Que Sera, Sera~ whatever may be, may be…

Wednesday, March 02, 2005

Fallen'... and hurt.


When you say you like somebody~ it means you adore whatever that “thing” is with and about him. It doesn’t necessarily mean the person is perfect, ‘coz each person has his/her own description of admiration, way beyond others’ understanding and knowledge. It’s a general word with a deep meaning~ depending on how the person likes to describe it… But always, it is misunderstood by many people~ especially those whose minds are (pardon the term) too shallow to understand. Duh!

I had this friend before~ he was much younger than me… but we got along. He seemed to prefer going out with older (more mature, I suppose) girls than with gals his age, and, in my case, I was in that state of “i-think-i-prefer-younger-guys-now” stage.

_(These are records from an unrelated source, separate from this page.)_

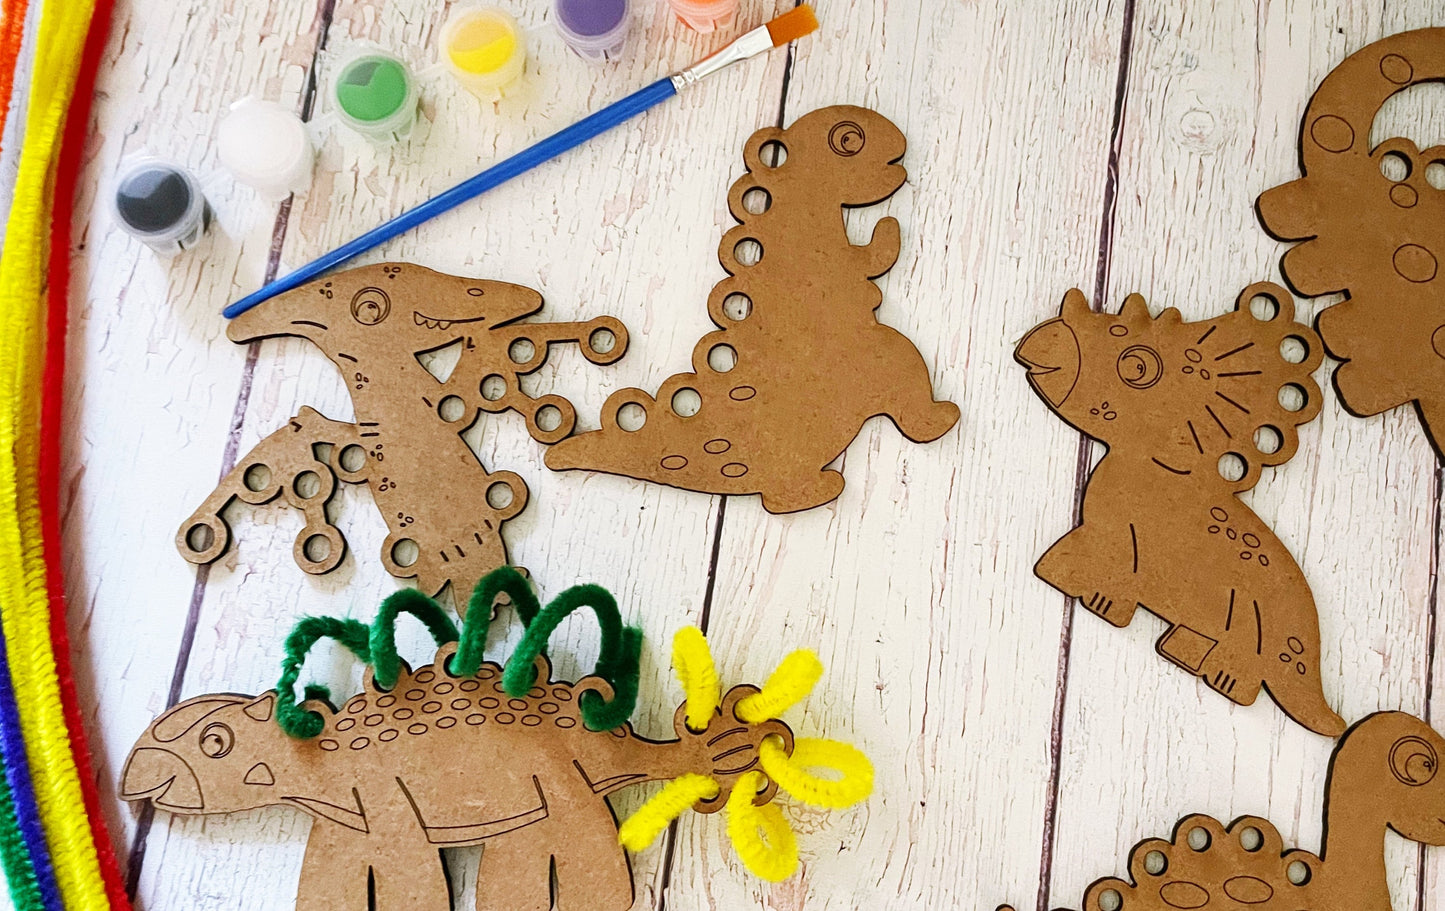 Craft Kits for Kids, Christmas Crafts, Toddler Craft Kits, DIY Toddler Craft Kit, Dinosaur Crafts for Kids, Pretend Play Dinosaurs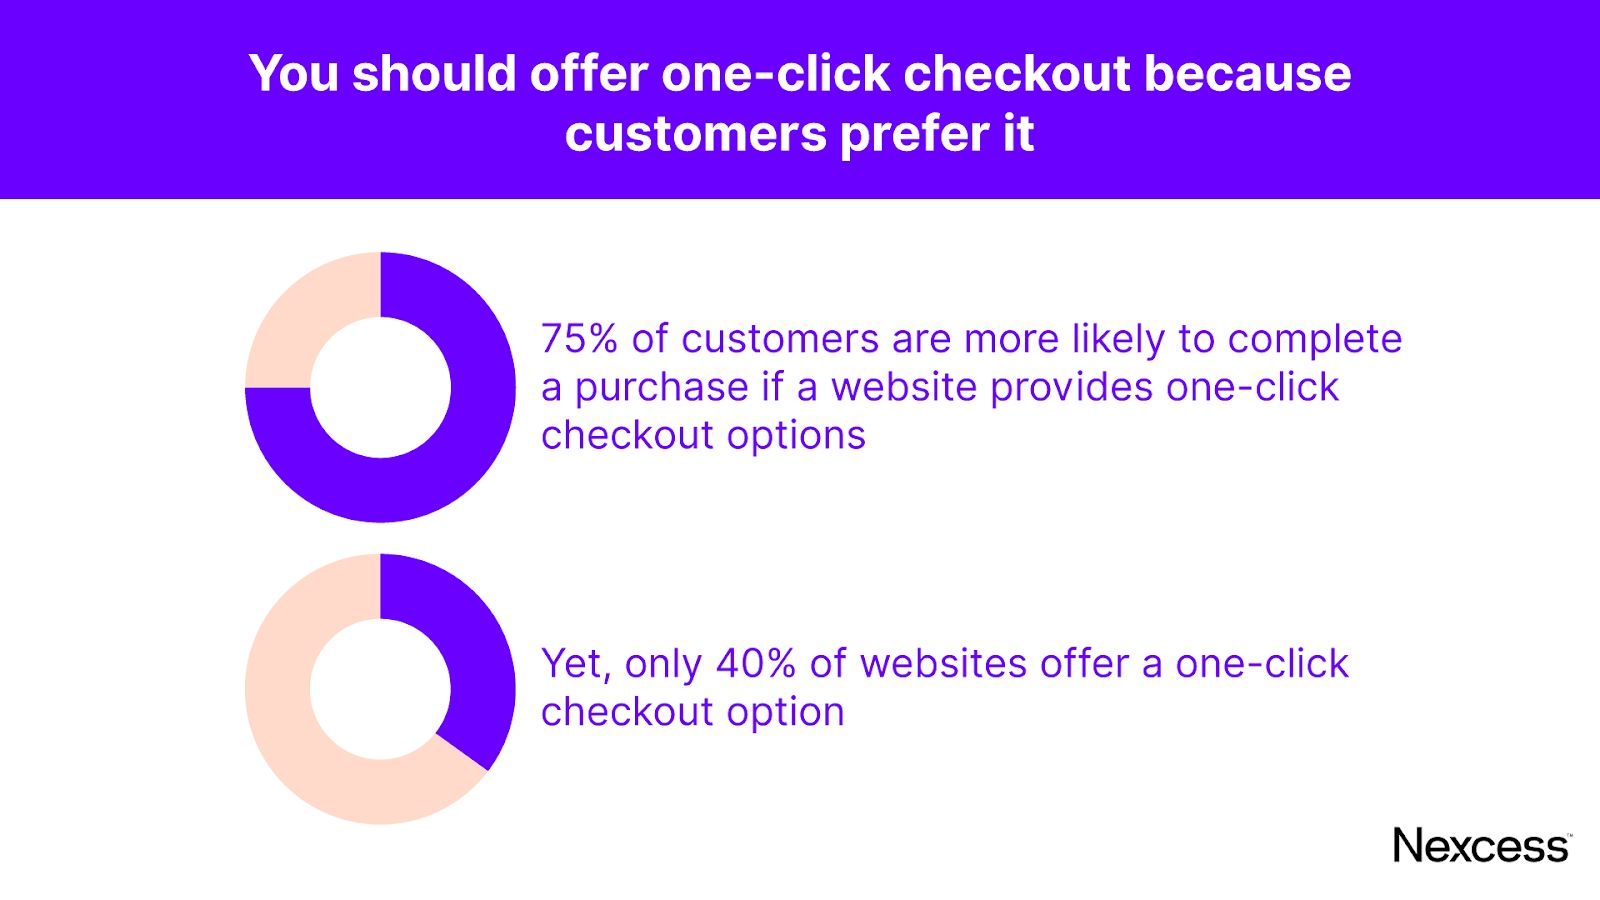 Online stores need to offer one-click checkout.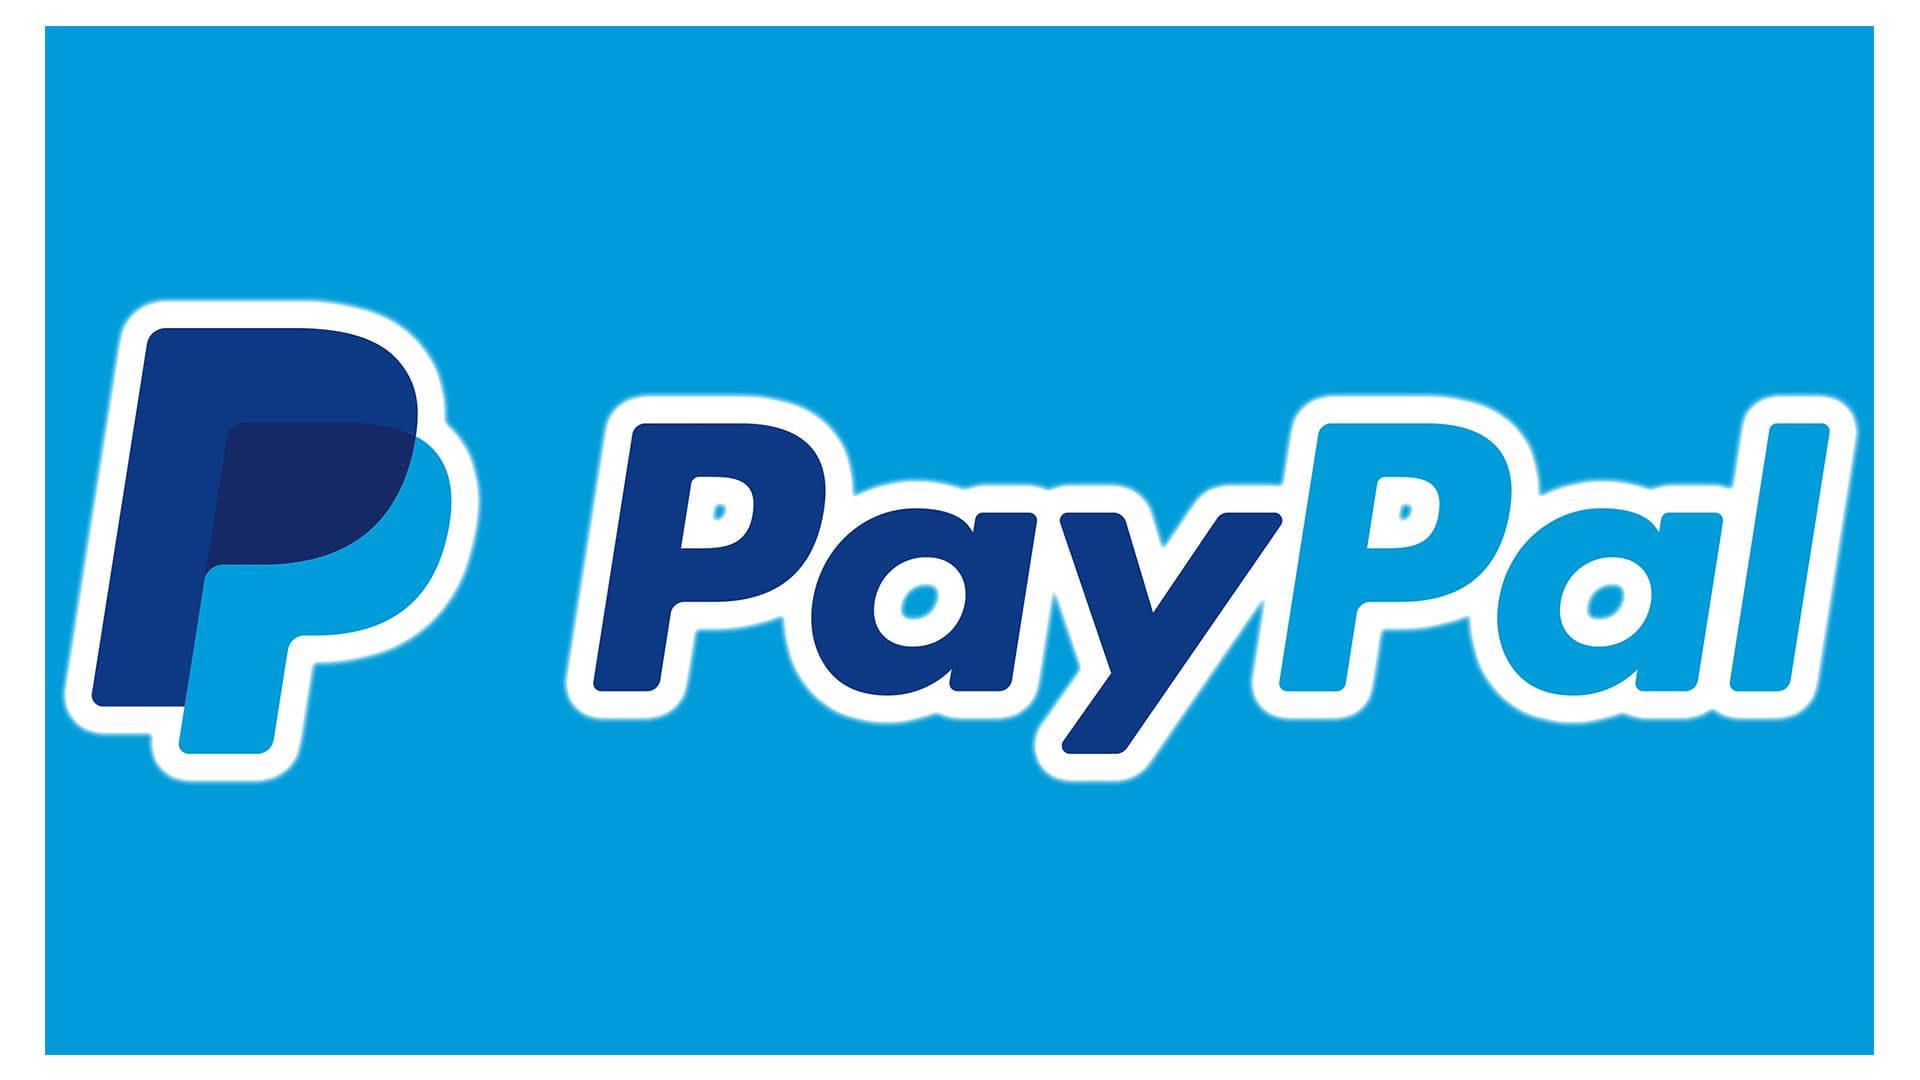 A Vibrant Paypal Logo Against A Sky Blue Background Background

Kkk… Anyway, we were so close then, too close that people were asking if we were a couple (way back, in my dreams, I hoped).
But we were not. The mutual understanding was obvious,
yet there were denials and preclusion of emotion.
Not to mention the reactions and comments of other people.
It was hard. We were in a situation where we didn’t know where to stand, and what to say, and how to act. We were not a couple. We did not become a couple. Of course, we were considering a lot of things… gossips, comments, hearsays, remarks~ all because of the people surrounding us~ people, who, from the start, have been too crude to put in mind the sense of the sentence,
“Mind your own business!”
Why were they not able to get the fact that we liked each other
~we admired each other…

And then just recently, there’s this one foreigner who looked a lot like somebody [younger than me] I really like… We were almost of the same age; that may be the reason why we clicked... I mean, we were very close at first~ always together~ hanging out, chatting, talking over the phone for hours, sending text messages almost every night, and jokingly telling how much we like each other. It was at first.
My real problem was when a new girl friend arrived. Girl pal. Until now I still don’t know what happened. I’ve just realized one day after that that everything changed. Slowly, our closeness made tracks. The intimacy drifted little by little, as days went by. Then one day… I saw myself and him apart. End of the story.

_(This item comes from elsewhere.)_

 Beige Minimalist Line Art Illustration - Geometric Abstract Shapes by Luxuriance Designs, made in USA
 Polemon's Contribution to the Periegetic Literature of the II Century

The main picture here is this~ I liked him, I admit. He really looked a lot like “somebody”. He resembled “somebody” that much that there were times, I thought he was that somebody. But at that time, he was the one present. He was the one real~ I had his company. It was like he epitomized “somebody,” who was, at that time, not around. But I didn’t use him in exchange of “somebody.” He was different from him, not physically though. He’s kind, very kind. I’ve noticed his sweetness, though only shown in his own ways. He’s sometimes strange, yet gentle. He has a great body, and his sense of fashion’s damn good. He really isn’t that good-looking, but I find him very cute and charming. I like him, so it makes sense…

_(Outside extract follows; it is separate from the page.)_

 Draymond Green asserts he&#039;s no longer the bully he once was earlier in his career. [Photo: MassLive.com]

But then, the people around us started to interrogate, started asking about the two of us. We were friends~ just friends~ very close friends… It was fine with me. I was contented with the fact that it was, maybe and I hope not, only a one-sided admiration. I didn’t ask for more, though of course sometimes I wished. But I’ve accepted it already. I know everything’s not meant. And everything’s impossible. Things will never work out. I know. But I didn’t ask for more… Why did people start on intruding? Why did people start on asking? Why did they intervene? Talking about me behind my back! Gossiping and starting tattletales, spreading rumors and stuff.
I like him, I admit. What do they care?! Why do they care?!